Tuesday, August 30, 2011

Just everything

Somehow, 'everything' seems to be happening this summer.

Most of the things in isolation would cause me some stress but not knock me down.

However, I feel knocked down.  Or ready to be knocked down.  But I'm stubborn.  Very stubborn and I keep going.  As I've burst into tears a couple times in the last few week with "I don't want to do this anymore" as I'm talking with my best friend, I know that I will.  She knows that I will.  I just don't like it.

Pyrope has started kindergarten.  He is not particularly enjoying it.  His best friend is in his class, which he likes.  However, he has informed me on several occasions it is easier for him to learn when I teach him at home.  There is too much noise at school.  While I agree that I can teach him more academically at home, I saw a very significant decrease in his social and verbal skills since he has been out of school since May.  On top of this, he will neither live, go to school, or eventually work in a bubble.  He has to learn how to function in the "real world".  Academically, he can learn virtually nothing this year, and he will still "pass" kindergarten, as his reading and math skills test at least at a 1st grade level, in some areas a 2nd grade level.  So on we will go.  With lots of communication to the teacher.  I will continue to work on reading, writing, and math at home.  He will go to school, communicate with others, socialize, and try to learn how to learn while there.
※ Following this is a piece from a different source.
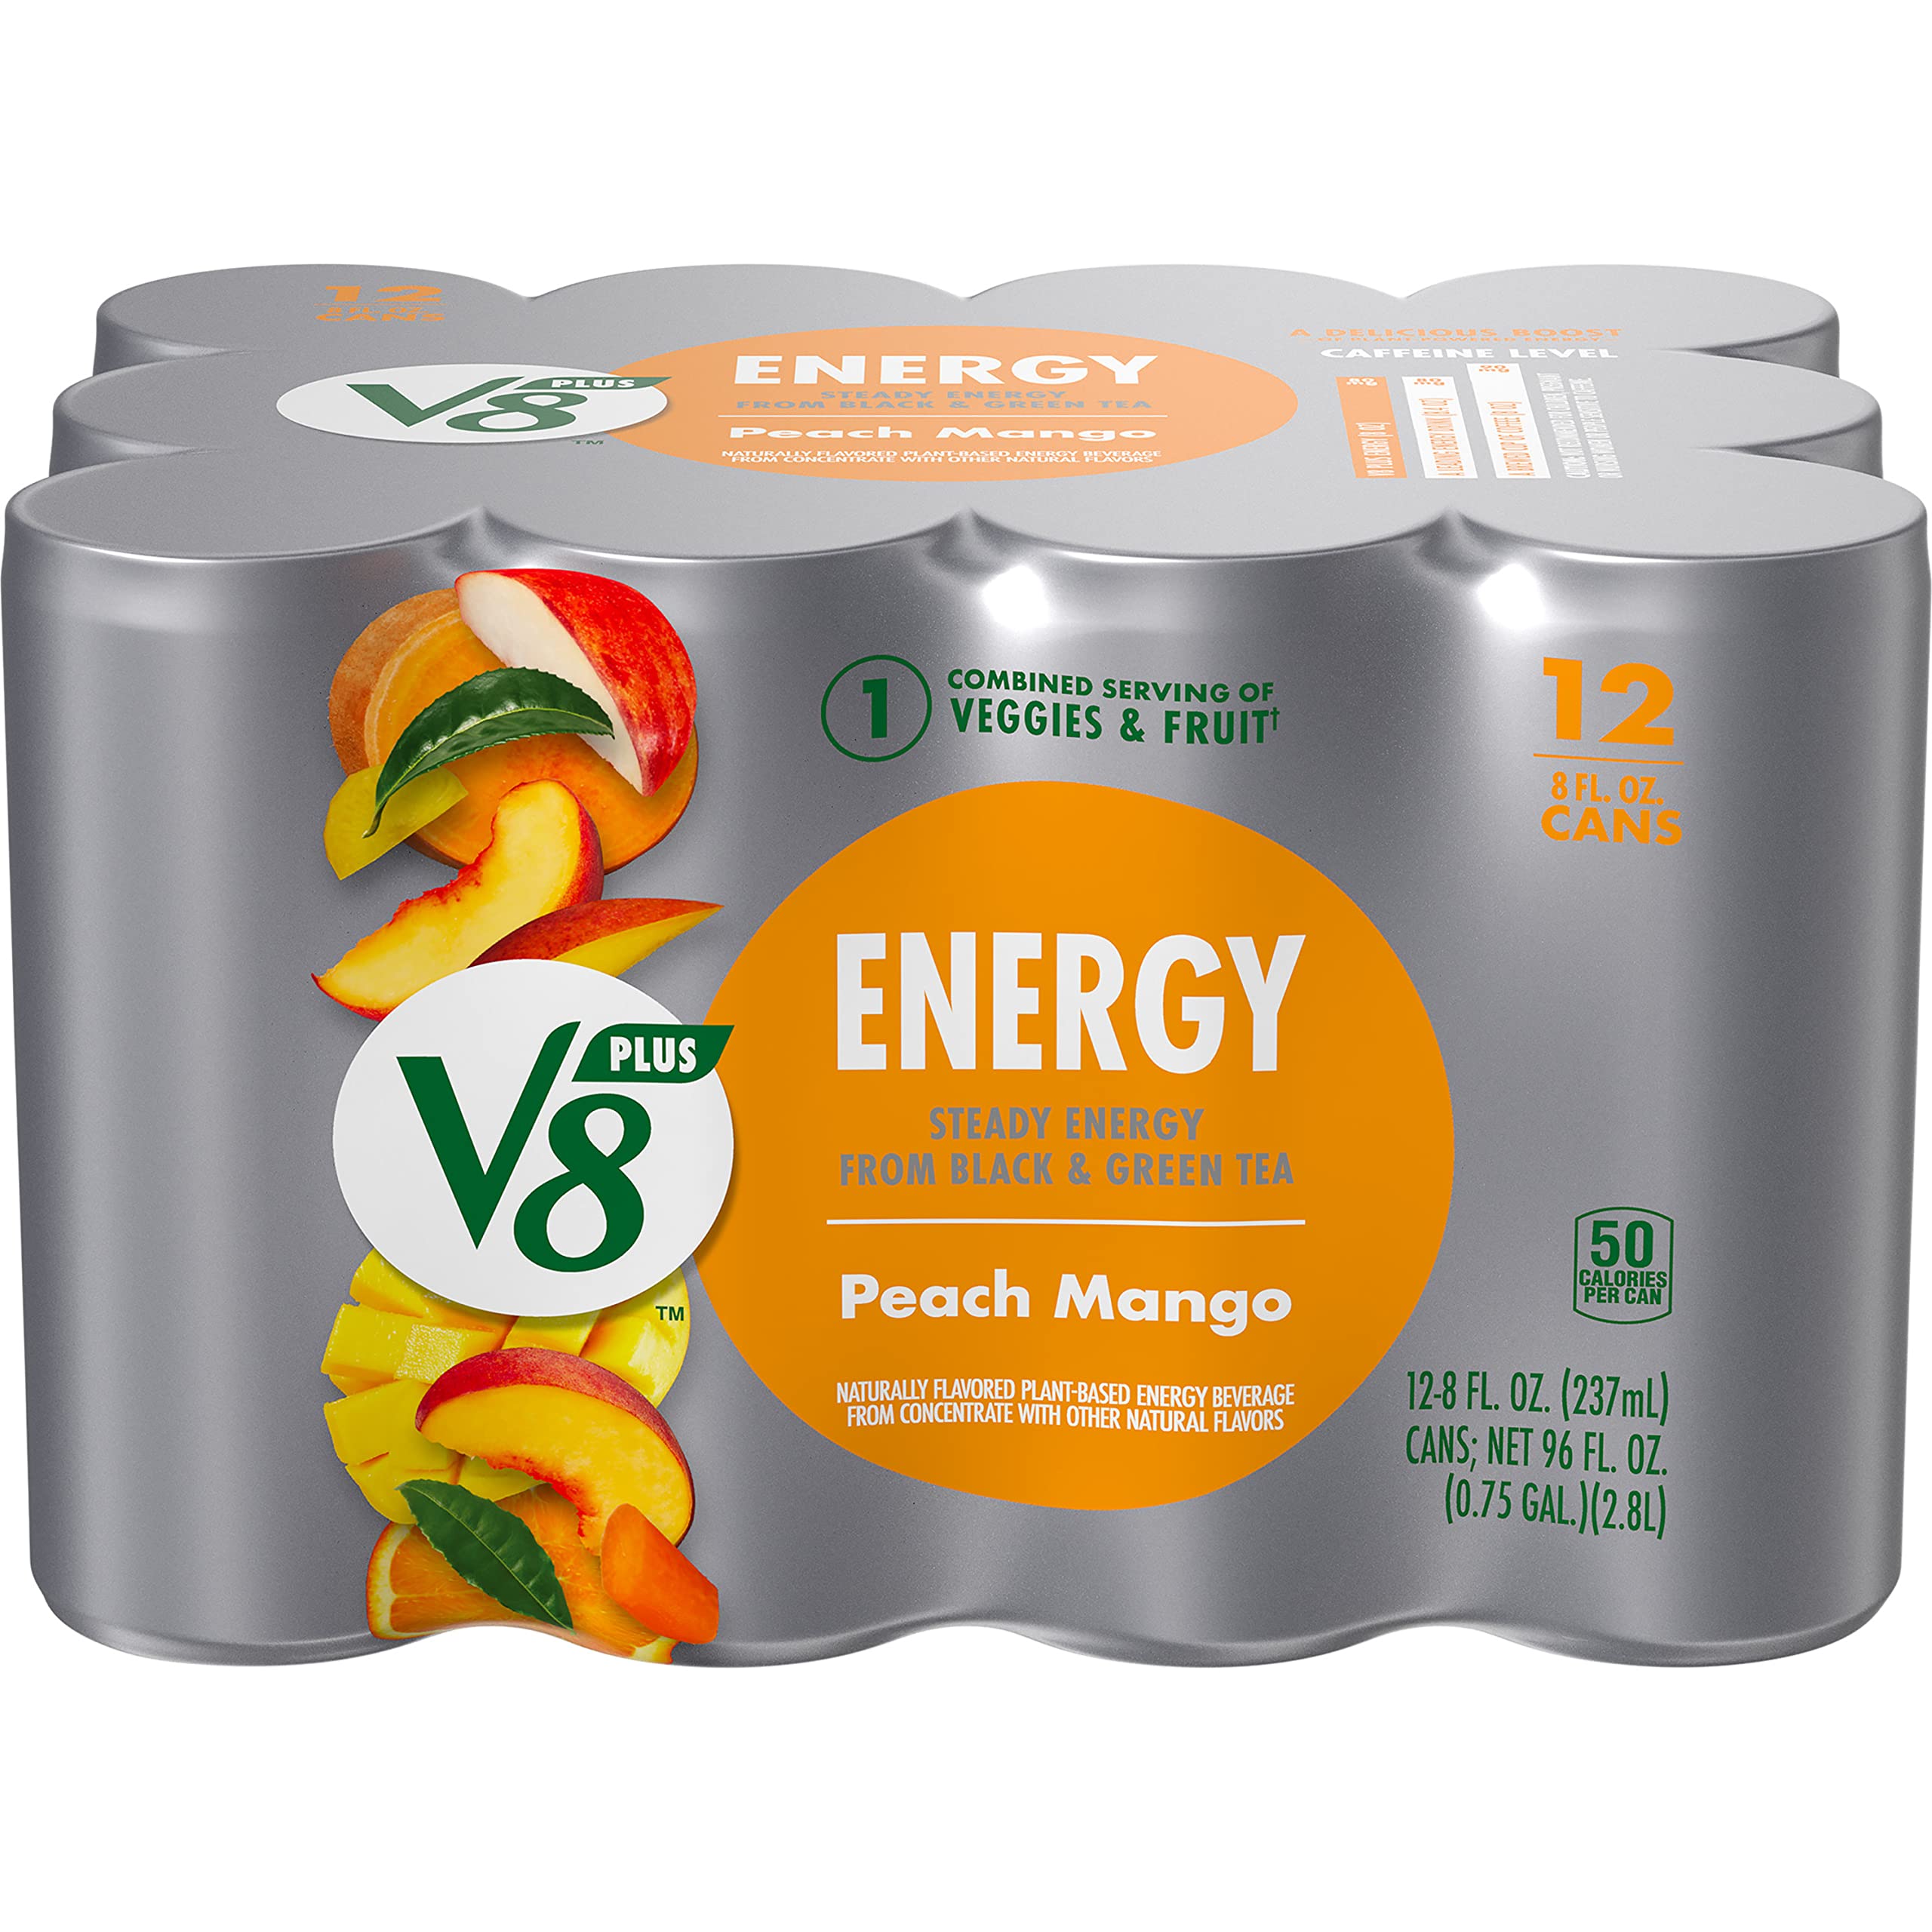 12-Pack 8-Oz V8 +ENERGY Pomegranate Blueberry Energy Drink (Peach Mango or Pomegranate Blueberry) $6.80 + Free Shipping w/ Prime or on $35+

Obsidian was taken off of growth hormone in July.  It wasn't working.  The blood tests proved it was not working.  His growth velocity had not changed.  There is a different hormone, IGF-1, he is now on.  Getting it approved of by the insurance is being a chore.  My main problem right now is with his doctor.  If I could switch doctors I would.  Problem being, I can't (practically).  The pharmaceutical company that makes it is supplying him (for up to 8 months) with the medication while we are trying to get it approved by insurance.  He has been on it for slightly less than 3 weeks.  By my measurements (and they have always been accurate in the past), he has grown more in the 3 weeks he has been on IGF-1 than the 6 months he was on GHT (2.6 cm vs 1.9).  I'm hoping I'm measuring correctly.   I'm hoping (and trying my best) to make sure he can continue on the drug.  At this point, I'm not really looking for answers for Obsidian and his medical issues, but just looking for the best treatments I can find.  If there is a way to increase his growth rate so he is a typical (or closer to it) height as an adult, it would be great.  If a way is not found, I just need to focus on teaching him how to function in a world that is made for adults that are above 5', when he will most likely be right around 4'.  I really hope this does give his body what he needs to grow to his genetic potential (which is most likely somewhere in the 5'8" to 5'11" range based on family history). 

My work is work.  My boss that I like has been moved to a different facility.  The one that I have never got along with is it.  She is a nice person, but somewhat lacking in managerial skills that would be beneficial to her job.

Jet's job has degraded to the point he updated his resume.  This is a large step for him.  Finding a job won't be an issue, he just doesn't like change.  So he drags his feet when it is time to change.  He really has not seriously began to look, apply, or interview.  Hopefully the day is coming sooner now.  I would have long been gone, for various reasons.

Jet and I have been arguing.  I really keep getting the feeling he doesn't see or get my point.  Sometimes I think he is trying to taunt me by his actions, but when I stop and really think, I don't feel he is purposely taunting me per se, he just doesn't get what my issue is.  No matter how I explain it, or try to have others help me explain it.  I'm tired of the argument.  I want some sort of resolution.  Even if it means a resolution that I don't particularly like or want.  I just don't like where we, or rather our relationship is.  Or the cycle we seem to be stuck in.  Jet doesn't appear to be nearly as bother by all of it.  That or he is just hoping it will go away, which is really the most likely scenario.

A couple of the positions I took on this spring in organizations are more than I anticipated.  Not horribly more.  Not more than I can handle.  Just more than I expected.  And I find it wearing.  I keep saying that soon that will calm down.  And it really should.